After all these years, it's hard to remember the first time that my brother urged/cajoled/threatened me not to tell my parents something he had done. But I remember a lot of instances. Here are a few that come to mind:
1. We were playing in the backyard. I must have been 7-8 years old. Suddenly and completely unprovoked, my brother threw a rock at me, purposefully hitting me in the head. It began bleeding immediately. I wanted to run into the house for help, but my brother blocked my way. He sort of apologized with "I didn't think you'd bleed this much" or something like that. He begged me not to go inside, or we'd both get in trouble...blah blah blah...we would not be allowed to play as much in the backyard...surely, I didn't want to get him in trouble, did I? He played on my heartstrings. I stayed outside until my head stopped bleeding. Later I combed the dried blood out of my hair and said nothing to my parents.
2. Around the same time, while we were walking to school one day, my brother decided to light something in an empty field on fire, despite my pleas to the contrary. (He was somewhat of a pyromaniac, at least in my eyes at the time, and I was extremely fire-phobic.) The fire spread much faster than even I had feared. He insisted we run to school and swore me to secrecy lest he be thrown in jail. And that would be all my fault for tattling. He also made it sound like I was somehow in on it with him and would also get in trouble.
3. Over and over again, he'd involve me in some childish misbehavior and convince me that we could not admit to it under any circumstances. He would say, "Act nonchalant" as we walked into the house. Apparently my idea of "nonchalant" was a dead giveaway. Usually, when my mother questioned us, I was the first to crack. My brother would later be angry with me and, at the same time, fill me with guilt. I hated being "mean" to him...which apparently I was whenever I "told on him".
4. A year or two later, he engaged in some petty vandalism while I begged him not to. He threatened me not to run home and tell. Then he somehow convinced me that I was just as much as fault and that it would be horribly mean of me to get him in trouble. I remember being petrified that we would be found out and arrested.
5. We "borrowed" some fishing equipment without permission and lost it before we could return it. My brother put the fear of my parents into me. He also insisted that, since he was older, he would get in more trouble than me, and it would be unfair, selfish and mean of me to confess to my parents, since it meant getting him in trouble.
On and on it went. I was convinced it would be disloyal, mean, selfish, horrible, etc., etc., for me to tell on my brother. I would be betraying his trust. I couldn't stand the thought of angering or disappointing him. Plus, I was convinced...by him, by my own insecurity, and by some of the former reactions of my parents...that the consequences of telling would be more than I wanted to experience.
I was afraid of my brother's anger and wanted to stay on his good side. In fact, I felt an almost desperate need for us to be the best and closest of friends. Maybe some of it was years of hearing my mother tell us that we were "made out of the same cookie dough", that we were each others' closest friends, and that we were not like other brothers and sisters. We were special.

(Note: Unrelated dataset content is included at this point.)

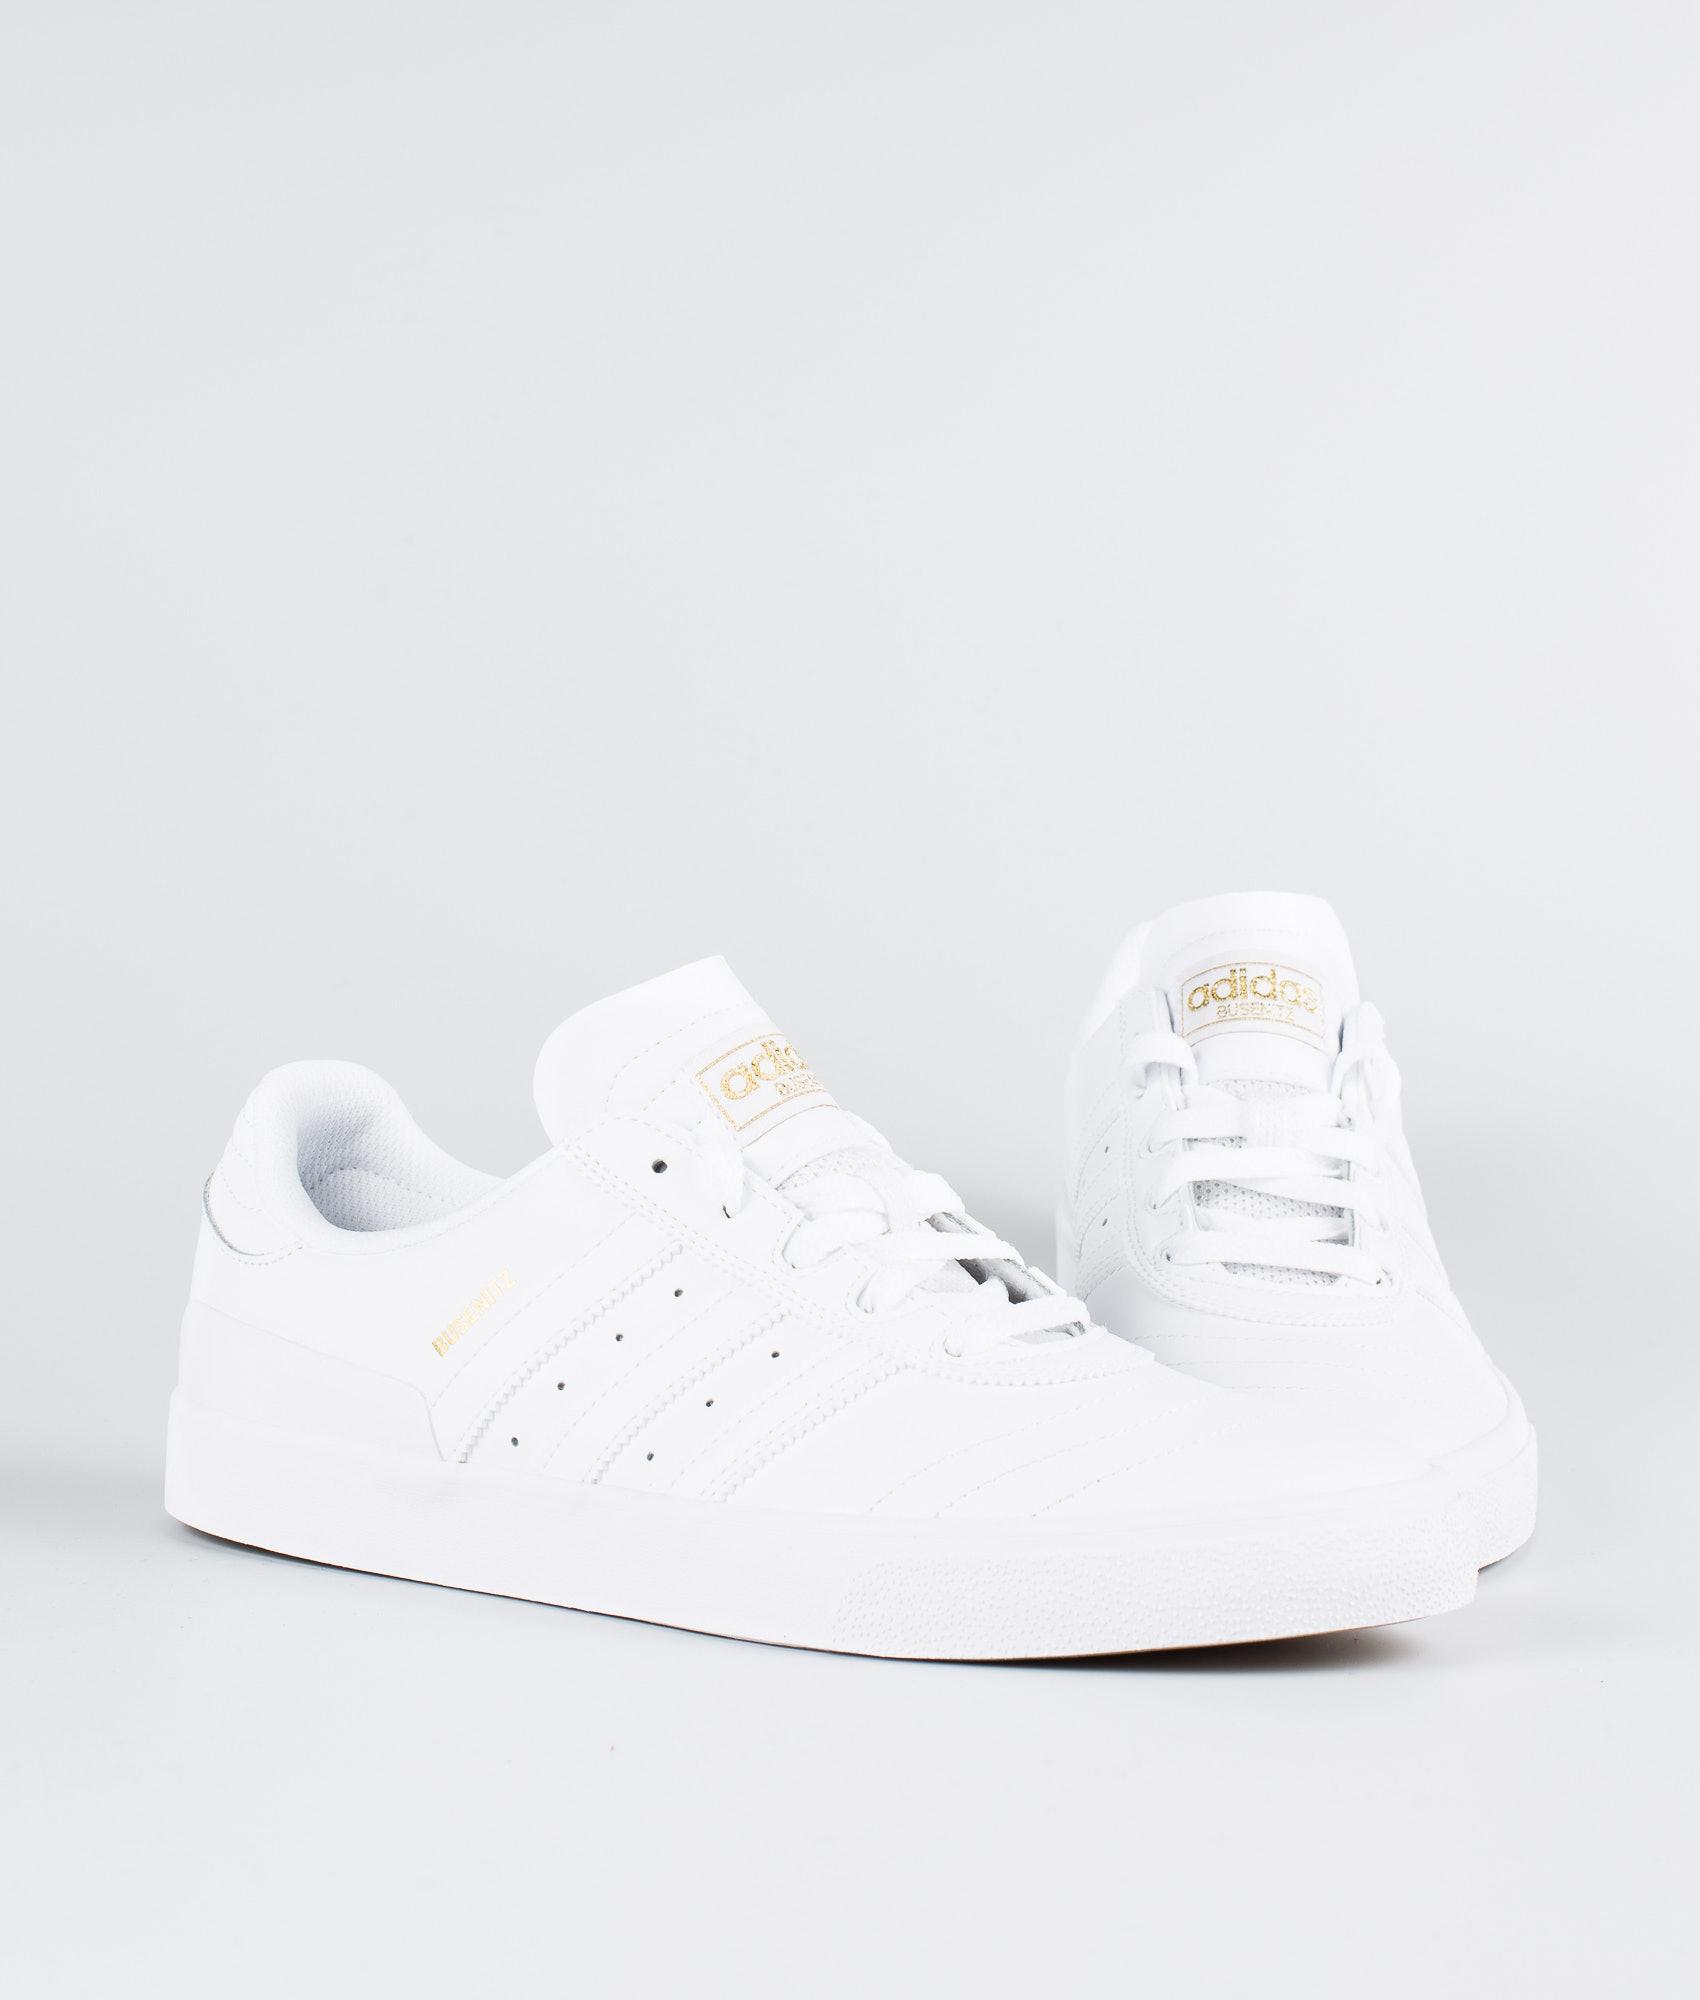 new styles da39d 954c9 Adidas Skateboarding Busenitz Vulc Schuhe

My brother had a mean, bullying side. It didn't come out all that often, at least not in ways obvious to me at the time, but it was there. He was also a master manipulator. He was the family genius -- my mother reminded us of this almost constantly -- and could talk me into things just by exhausting my ability to understand what he was saying. I would figure he was right and I was wrong, or I felt helpless to argue my own point, since he would have a ready answer for my every objection. I would end up feeling tired, baffled, and stupid.
By the time I was 13, it took very little convincing...if any...for me to keep my brother's secrets, especially if they involved me.